Are senior leaders liability for Congress in Telangana?
Hyderabad: Sometimes having octogenarian leaders can prove to be dangerous for the party. The Congress party which is trying to give a tough fight to the ruling BRS in the ensuing Assembly elections and is going to launch a bus yatra led by former AICC president Rahul Gandhi to show that the party and its leaders were united got a jerk on Wednesday when K Jana Reddy made a statement that he could be the CM face of the Congress party if it comes to power.

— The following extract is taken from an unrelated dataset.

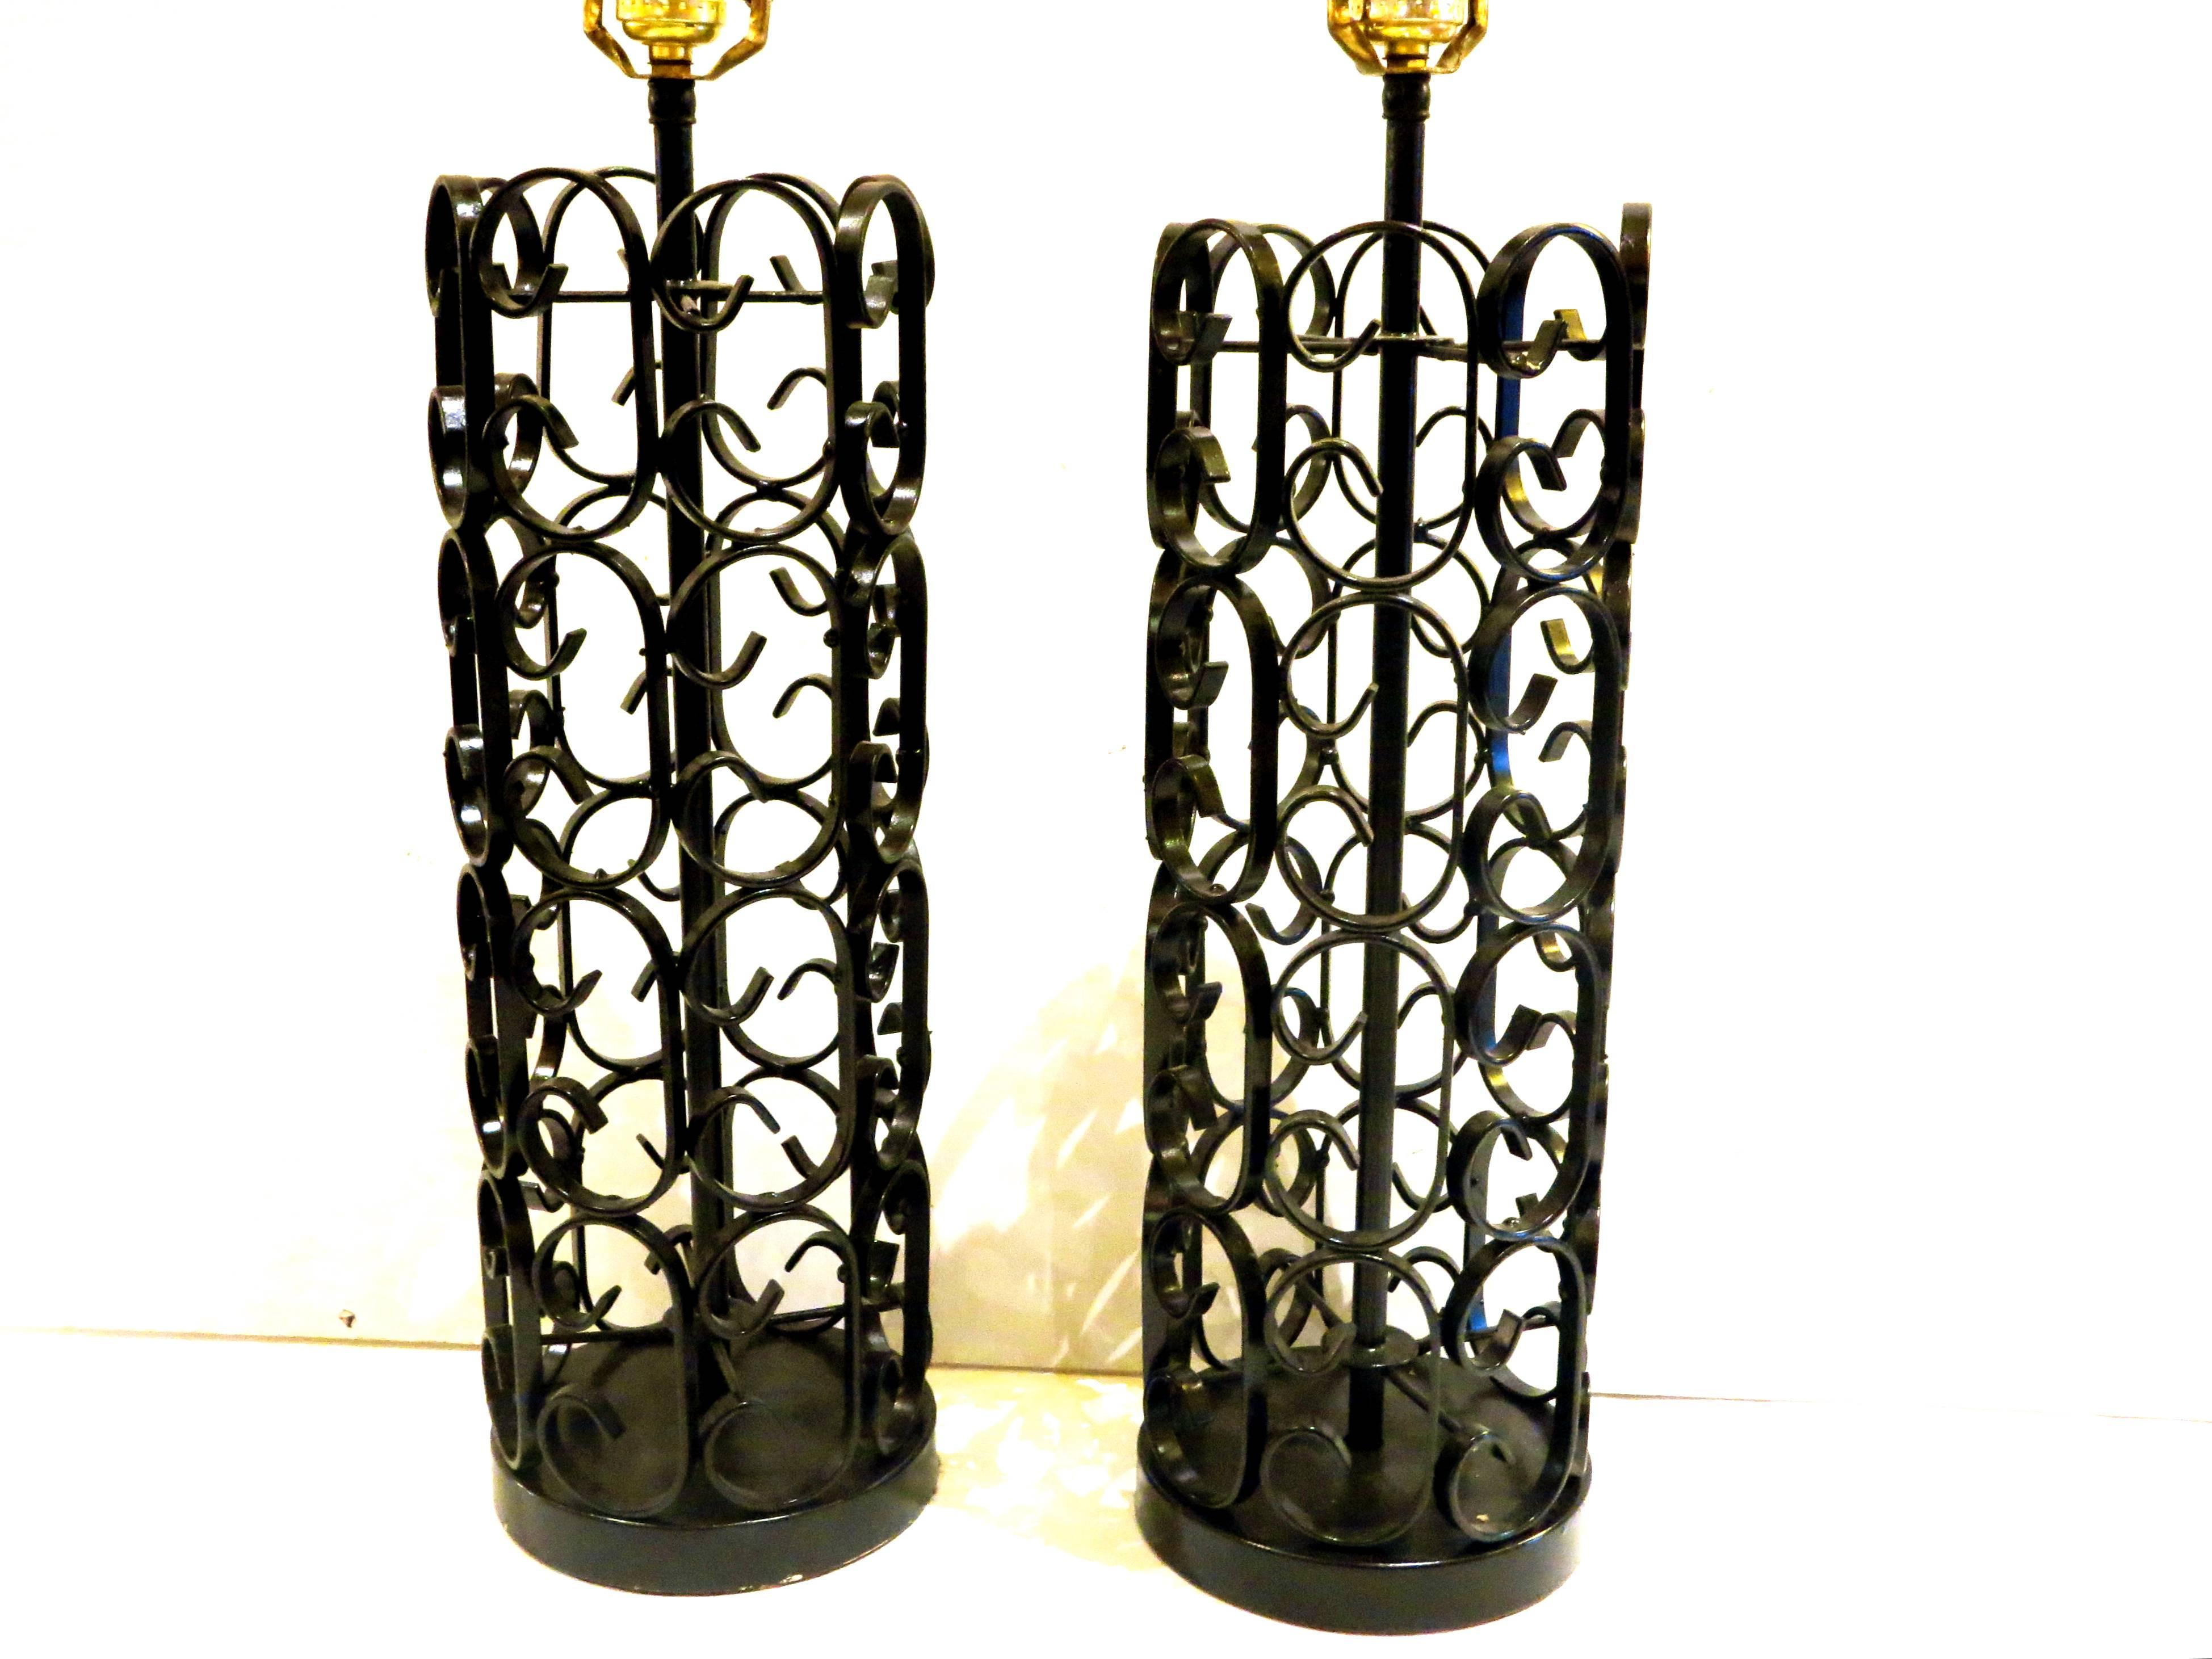 Nice set of two iron decorative table lamps, circa 1960s part of the Grenada collection designed by Arthur Umanoff for Boyuer Scott, the lamps have been reprayed in satin black, and rewired, NO Lampshades Included , these set its beautiful and

He said he was not after the post but the post would come after him.
It may be mentioned here that he has not been given a ticket from Nagarjuna Sagar Assembly by the party high command which chose his son K Jayaveer Reddy in his place. This statement of Jana Reddy came while he was interacting not with Congressmen or dissidents in the party but during his talks with a group of leaders from BRS who joined the Congress in Nagarjuna Sagar constituency. He expressed his desire to be the CM claiming that people want to see him as chief minister. It may be recalled that he had badly lost the polls during the by election to BRS candidate Nomula Bhagath.
“The way all of you came suddenly without my knowledge, the post (of chief minister) may also come to me suddenly,” he said amid loud cheers from his supporters.
Recalling that he became a minister at the age of 36, Jana Reddy said he has a seniority of 55 years in the party. “Without aspiring for any posts, I got the opportunity to hold various positions in my long political career,” he said.
Jana Reddy served as a minister under four chief ministers in united Andhra Pradesh.
A seven-time MLA, he became the first leader of opposition in Telangana Assembly in 2014. He, however, lost the 2018 election from Nagarjuna Sagar and was also unsuccessful in the by-election held in 2021.
Congress circles say that such untimely comments by leaders like Jana Reddy would create avoidable problems for the party at a time when it was fighting the BRS and wants to catapult the party into power. If the party comes to power, major part of the credit would go to the TPCC president who virtually resurrected the party and brought it to the level of emerging as a major rival to BRS. Thus he becomes the front runner for the CMs post. But to avoid any controversy and dissension, the AICC decided not to announce anyone as the CM face exactly as it had done in Karnataka.